Here's some thoughts (I'm curious) on security subsystems that could be
implemented in Minix.

- Policy-Based Security. Think Mandatory Access Control, SELinux or
grsecurity or RSBAC type stuff. Server X can do Y, process X can do Y,
etc. This should be implemented such that I can control servers AND
user-level processes; it will probably require reading stuff through
the VFS and such.

- Memory protection control. I want to slide a server in that
prevents specific types of memory protection changes and mappings in
servers and processes, unless policy allows otherwise. See PaX, or
(draft document)
http://bluefox.kicks-ass.org/stuff/b...m_twoproc.html section
on Attack Model.

- Address space layout randomization. As I understand, Minix allows
services to control their own memory space. How the heck could you
slip memory space randomization in there in a general architecture?

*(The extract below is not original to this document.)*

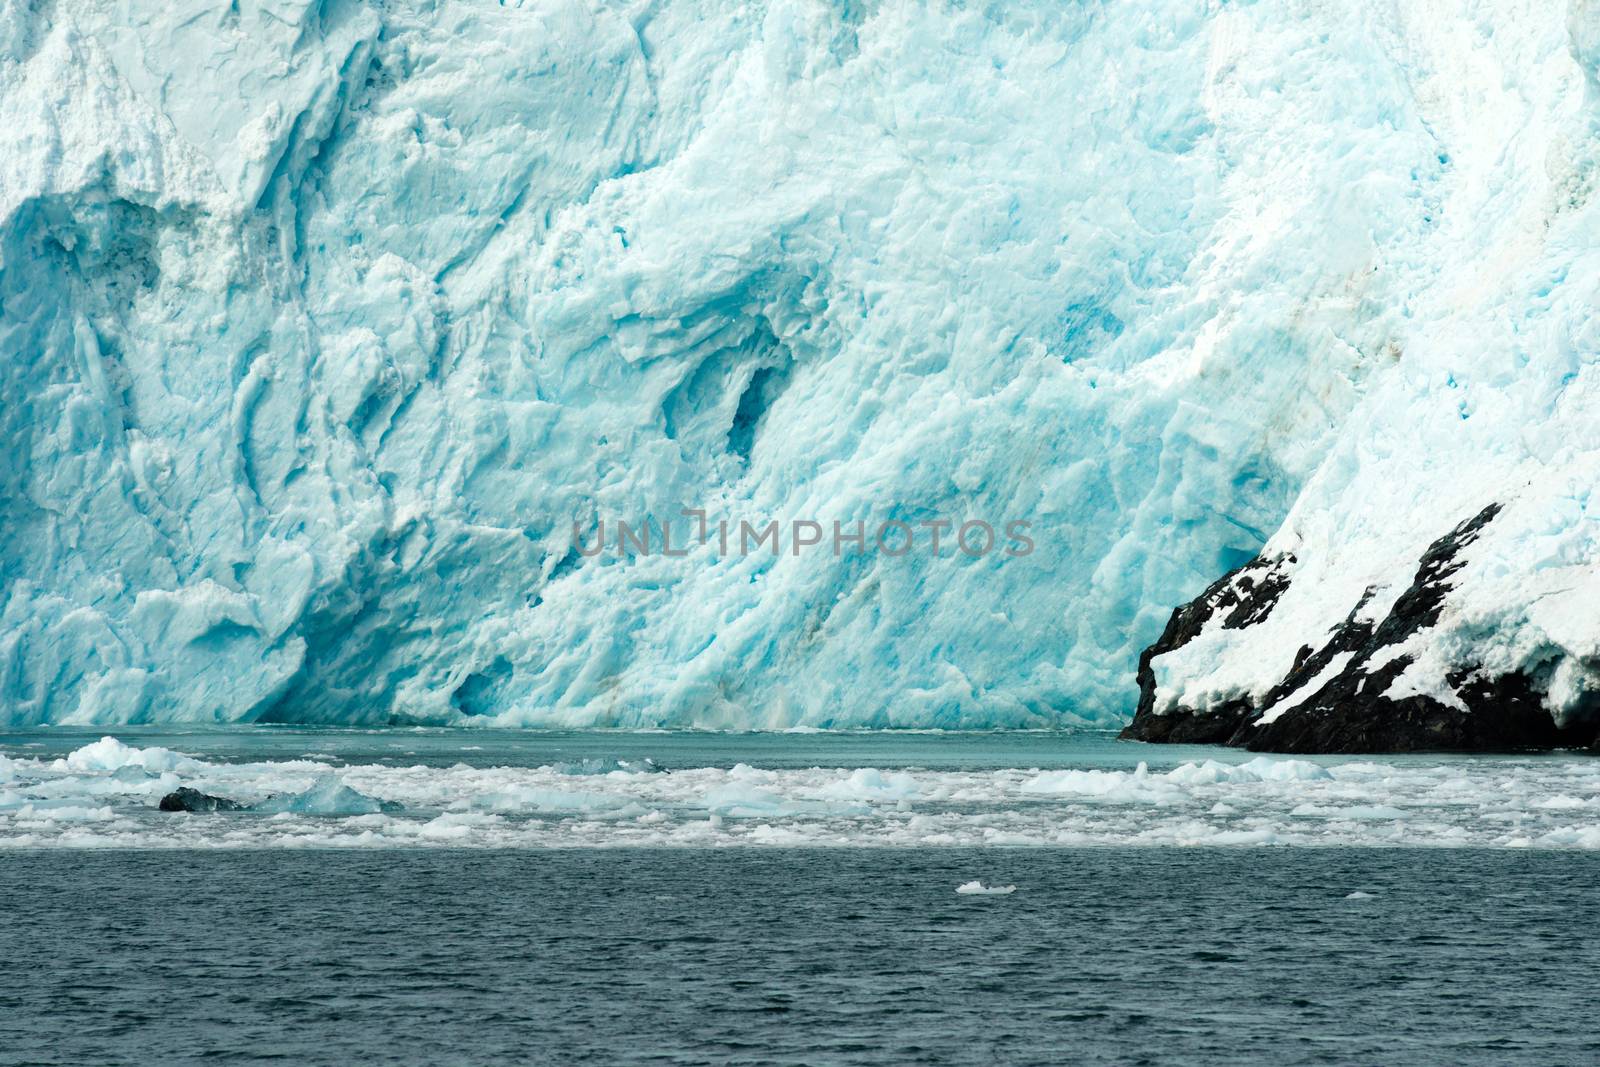 Aialik Glacier Ice Flow Pacific Ocean Alaska Coast by ChrisBoswell

There are other things I'm thinking about (auditing; syscall shaping
and process homeostasis re http://www.scs.carleton.ca/~soma/pH/ papers;
etc) but that kind of thing can be thought of later.

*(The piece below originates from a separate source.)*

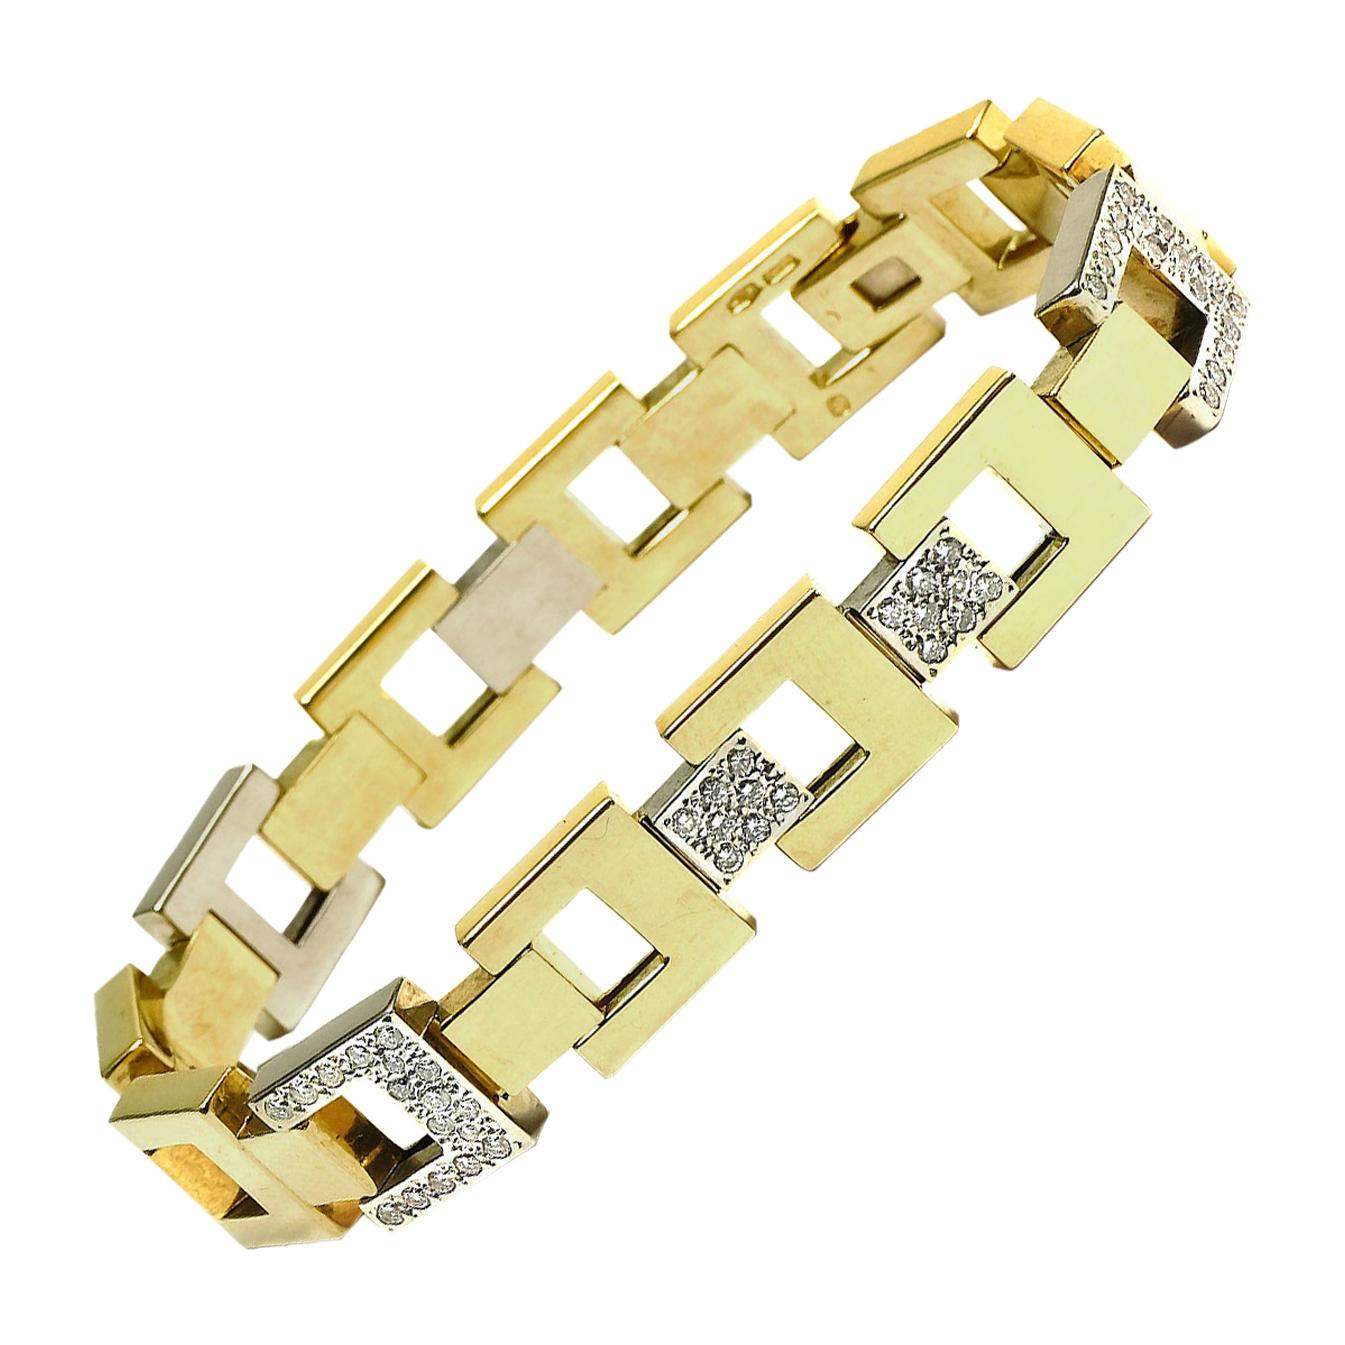 Pomellato Diamond Square Link Bracelet in 18 Karat Yellow and White Gold

I'm simply academically interested. I know for example that long ago
someone said that to prevent the complexities of fine-tuned general
memory managers, Minix could (does?) let each server handle their own
memory management; how the heck do you implement the second and third
item up there like this? I also know that policy-based security would
be another server; how would you force operations in one server to go
through the policy server? How would you even get policy to the kernel
before the file system is up (initrd-type mechanism re. Linux?)?